The data is then normalised so that the representation of all objects in the sequence have a comparable appearance.
Typically, several consecutive Self-Attention layers are used. Therefore, the data contents at the input and output of the block will be very different in content, but similar in size.
Transformer was proposed for language models. And was the first model that learnt not only to translate the source text verbatim, but also to rearrange words in the context of the target target target language.
In addition, Transformer models are able to ignore out-of-context data (objects) due to context-aware data analysis.

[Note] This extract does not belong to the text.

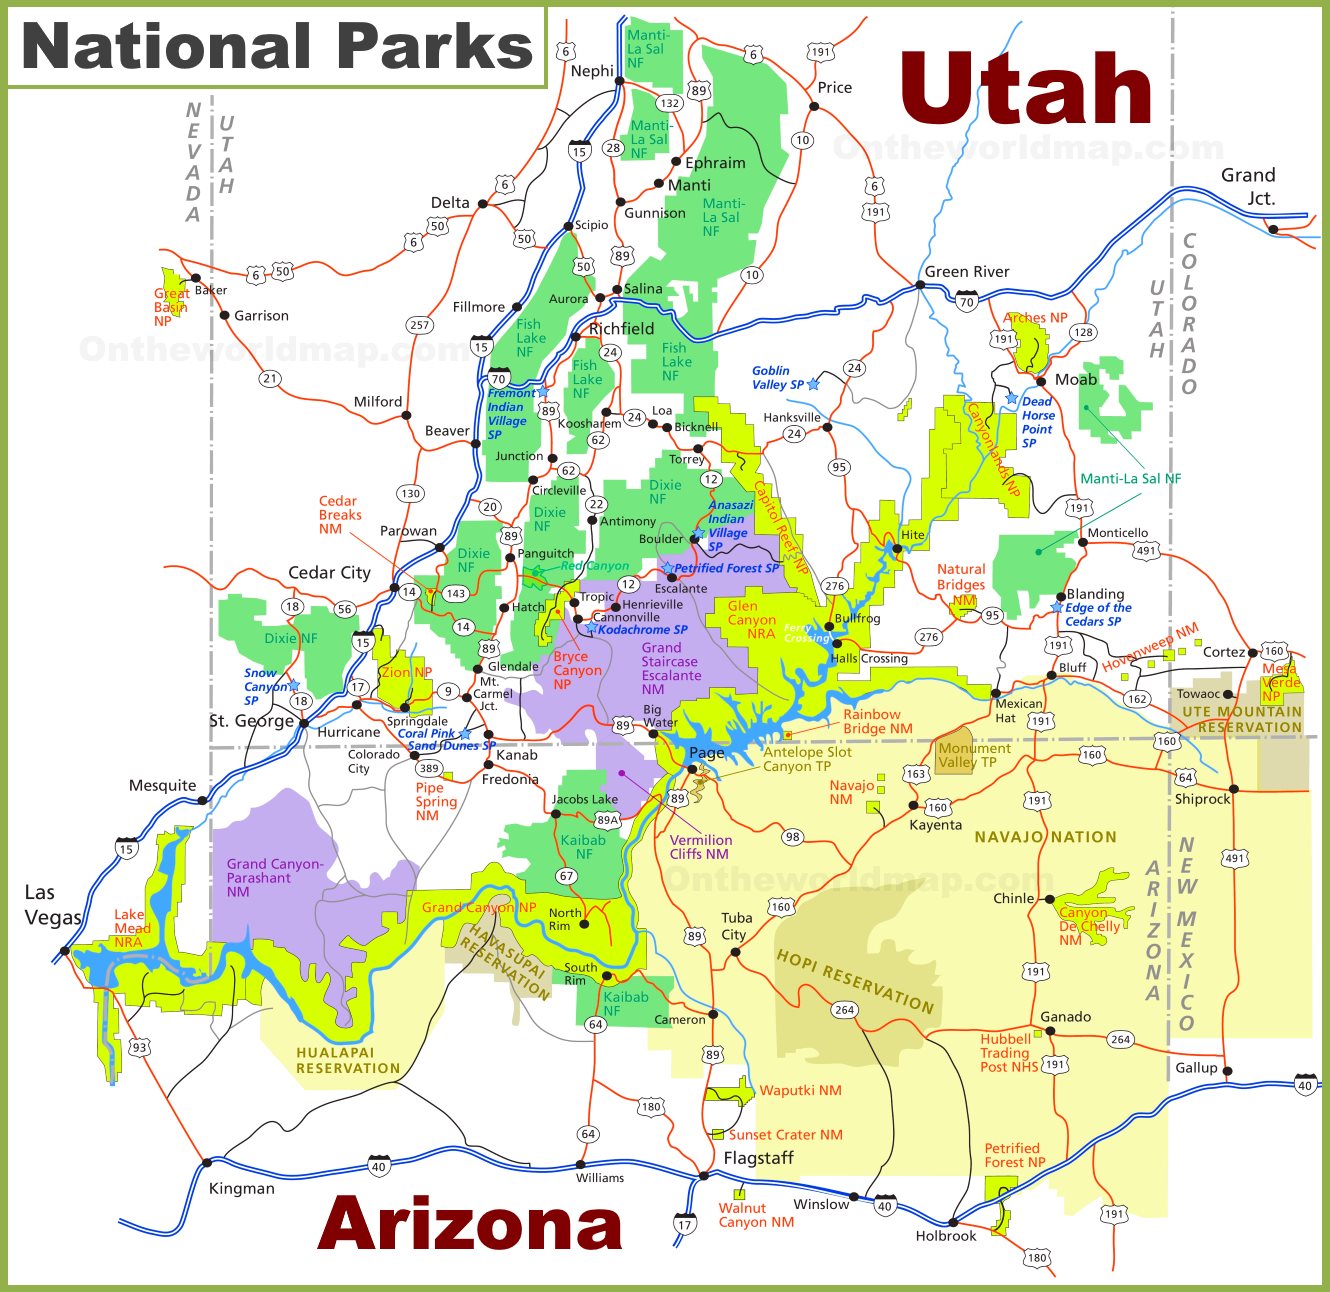 Utah Arizona National Parks Map

There is a big "ideological" difference here. In brief, the full-link layer analyses the entire set of input data as a whole. And even an insignificant change of one of the parameters is evaluated by the model as something radically new. Therefore, any operation with the source data (compression/stretching, rotation, adding noise) requires retraining of the model.
Attention mechanisms, as you have correctly noticed, work with vectors (blocks of data), which in this case it is more correct to call Embeddings - an encoded representation of a separate object in the analysed array of source data. In Self-Attention each such Embedding is transformed into 3 entities: Query, Key and Value. In essence, each of the entities is a projection of the object into some N-dimensional space. Note that a different matrix is trained for each entity, so the projections are made into different spaces. Query and Key are used to evaluate the influence of one entity on another in the context of the original data. Dot product Query of object A and Key of object B show the magnitude of dependency of object A on object B. And since Query and Key of one object are different vectors, the coefficient of influence of object A on B will be different from the coefficient of influence of object B on A. The dependency (influence) coefficients are used to form the Score matrix, which is normalised by the SoftMax function in terms of Query objects. The normalised matrix is multiplied by the Value entity matrix. The result of the operation is added to the original data. This can be evaluated as adding a sequence context to each individual entity. Here we should note that each object gets an individual representation of the context.
The data is then normalised so that the representation of all objects in the sequence has a comparable appearance.
Typically, several consecutive Self-Attention layers are used. Therefore, the data contents at the input and output of the block will be very different in content, but similar in size.
Transformer was proposed for language models. And was the first model that learnt not only to translate the source text verbatim, but also to rearrange words in the context of the target target target language.
In addition, Transformer models are able to ignore out-of-context data (objects) due to context-aware data analysis.
Thank you very much! Your articles have helped a lot to understand such a complex and complex topic.
The depth of your knowledge is just amazing really.